Work instruction: Could you give the listing again exactly, without its pictures?

Data block:

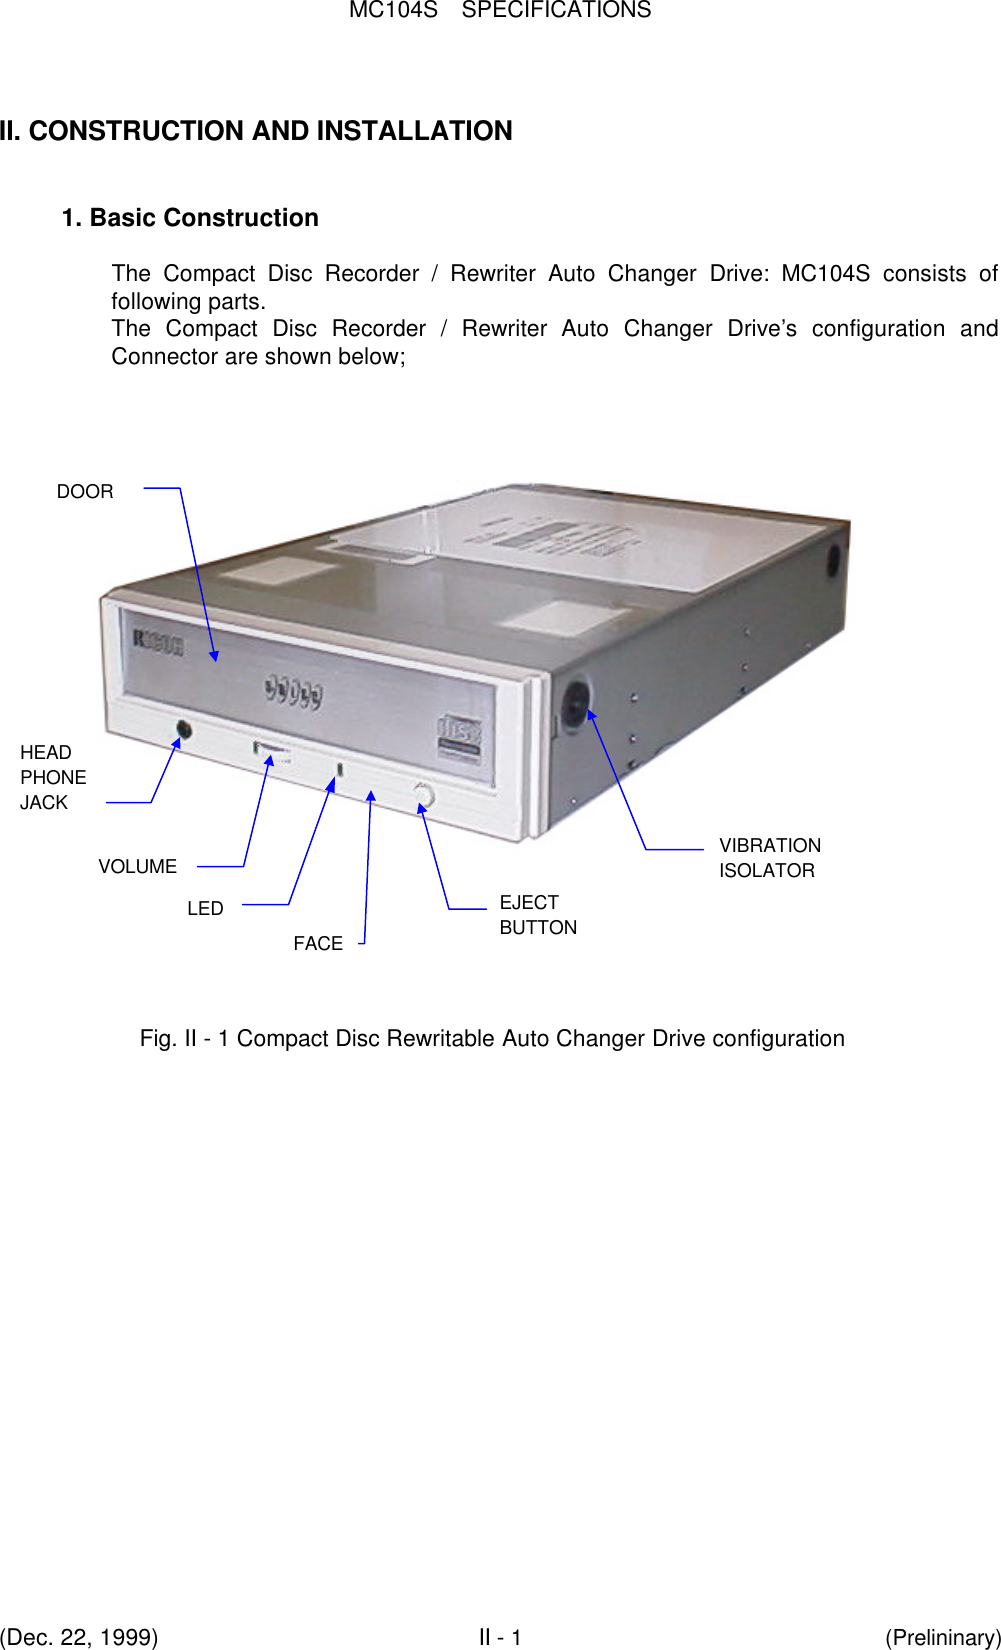 MC104S  SPECIFICATIONS(Dec. 22, 1999)II - 1(Prelininary)II. CONSTRUCTION AND INSTALLATION1. Basic ConstructionThe Compact Disc Recorder / Rewriter Auto Changer Drive:  MC104S consists offollowing parts.The Compact Disc Recorder / Rewriter Auto Changer Drive’s configuration andConnector are shown below; FACEEJECTBUTTONVOLUMEHEADPHONEJACK  LEDVIBRATIONISOLATORDOORFig. II - 1 Compact Disc Rewritable Auto Changer Drive configuration
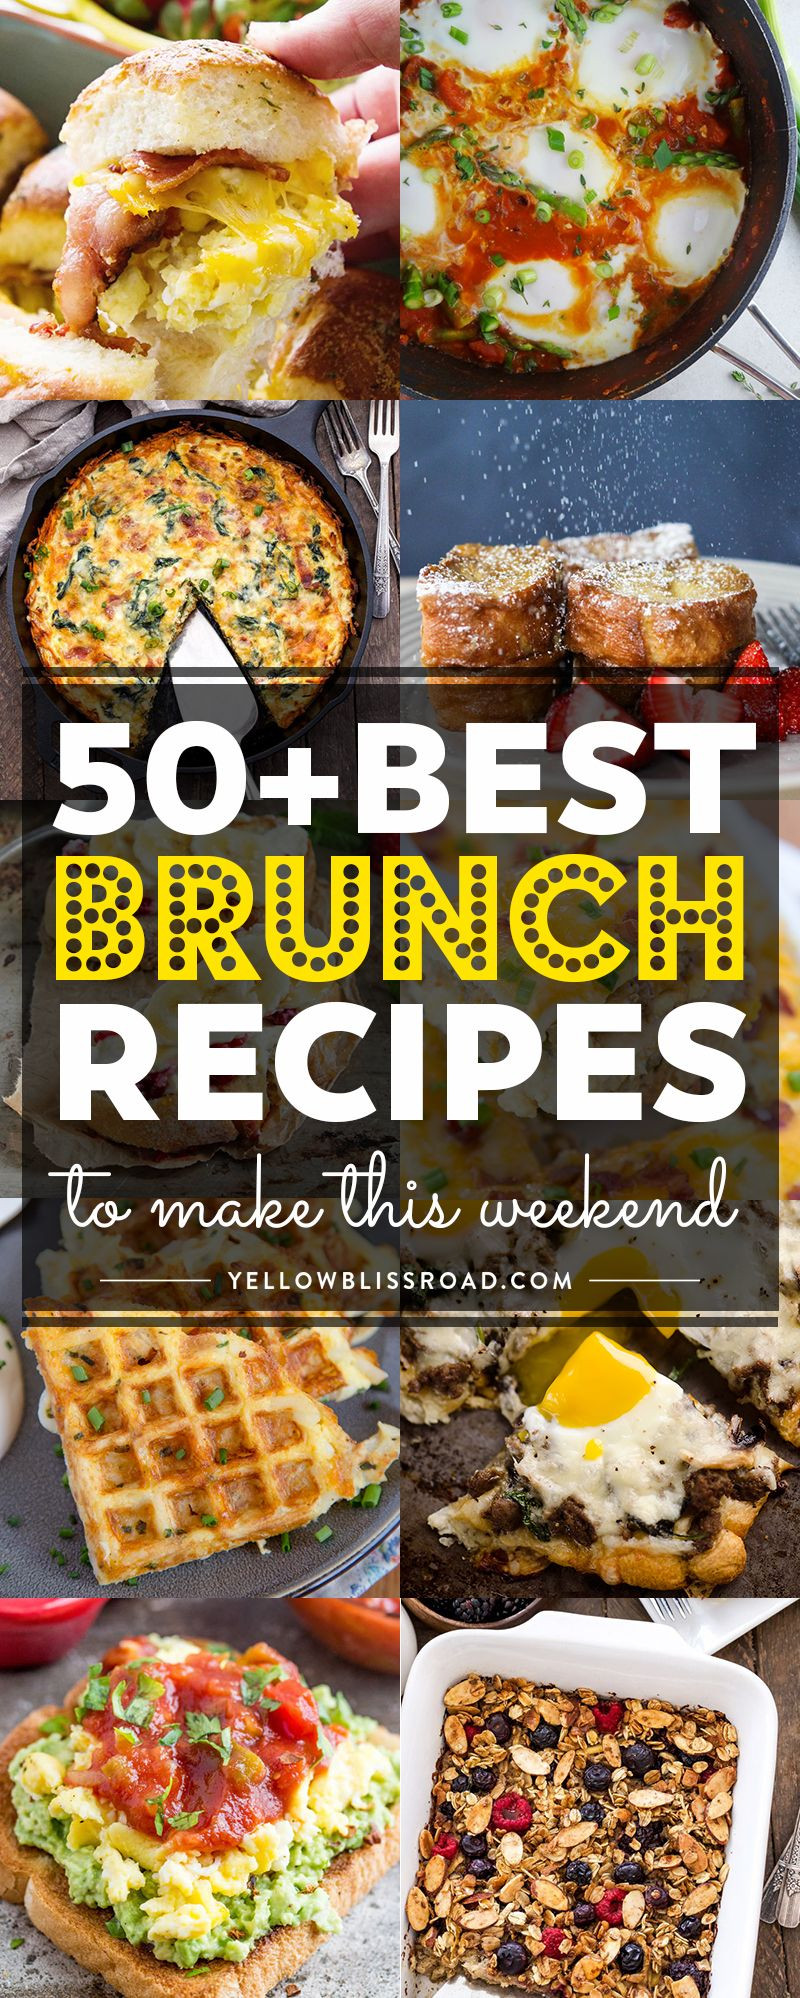 Brunch Food Ideas For A Party
 50 of the Best Brunch Recipes to Make this Weekend
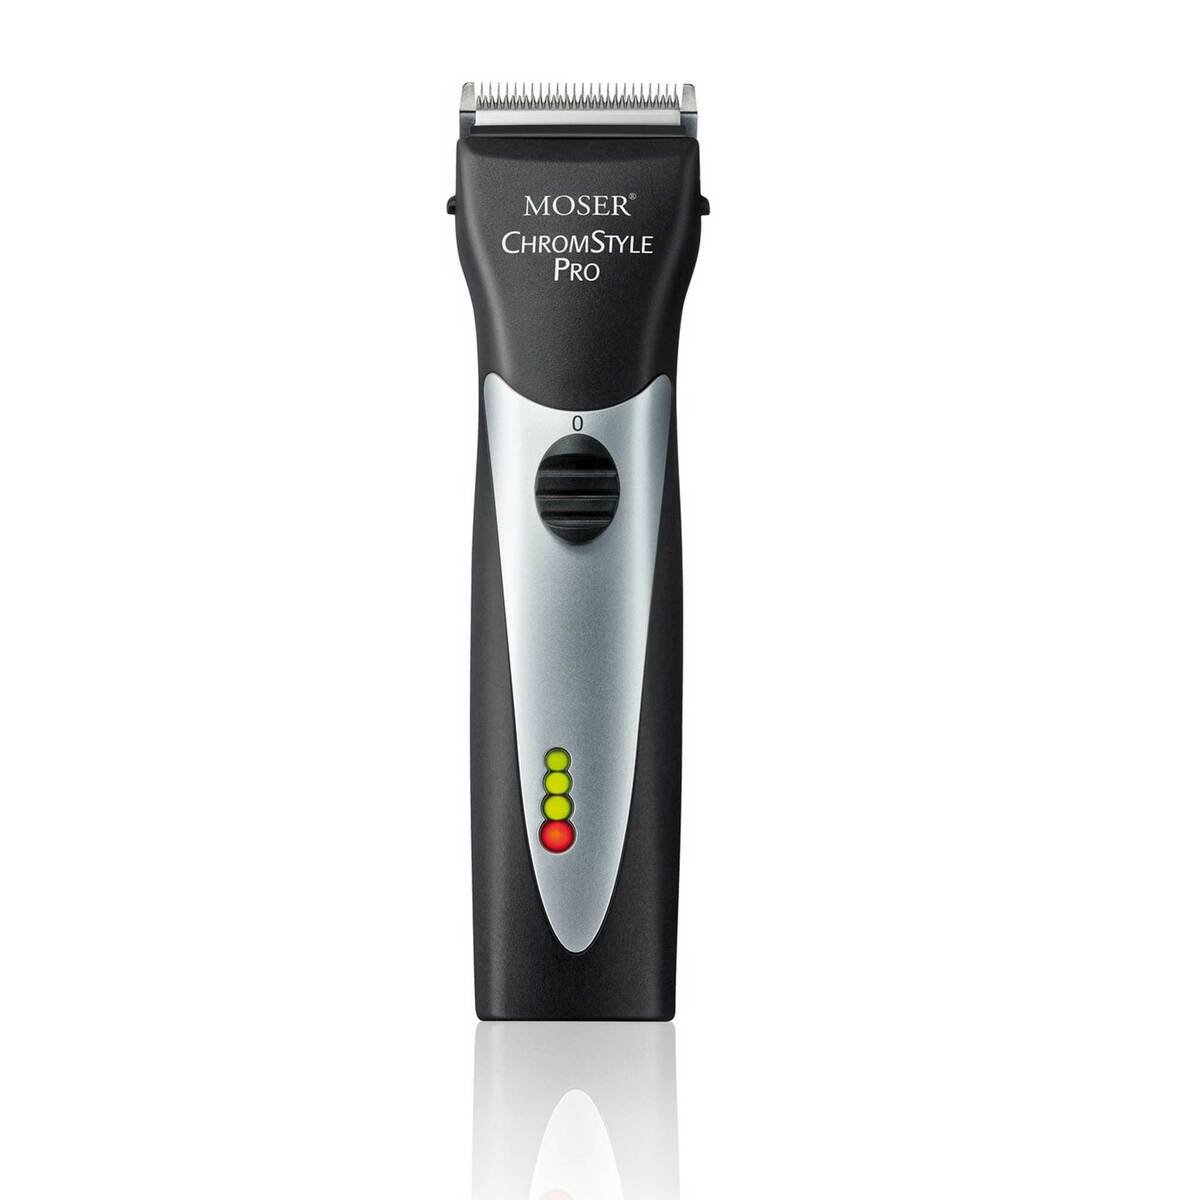 Moser ChromStyle Professional Cord/Cordless Hair Clipper 1871-0081 Black

Answer area:
 MC104S  SPECIFICATIONS(Dec. 22, 1999)II - 1(Prelininary)II. CONSTRUCTION AND INSTALLATION1. Basic ConstructionThe Compact Disc Recorder / Rewriter Auto Changer Drive:  MC104S consists offollowing parts.The Compact Disc Recorder / Rewriter Auto Changer Drive’s configuration andConnector are shown below; FACEEJECTBUTTONVOLUMEHEADPHONEJACK  LEDVIBRATIONISOLATORDOORFig. II - 1 Compact Disc Rewritable Auto Changer Drive configuration
 Brunch Food Ideas For A Party
 50 of the Best Brunch Recipes to Make this Weekend
 Moser ChromStyle Professional Cord/Cordless Hair Clipper 1871-0081 Black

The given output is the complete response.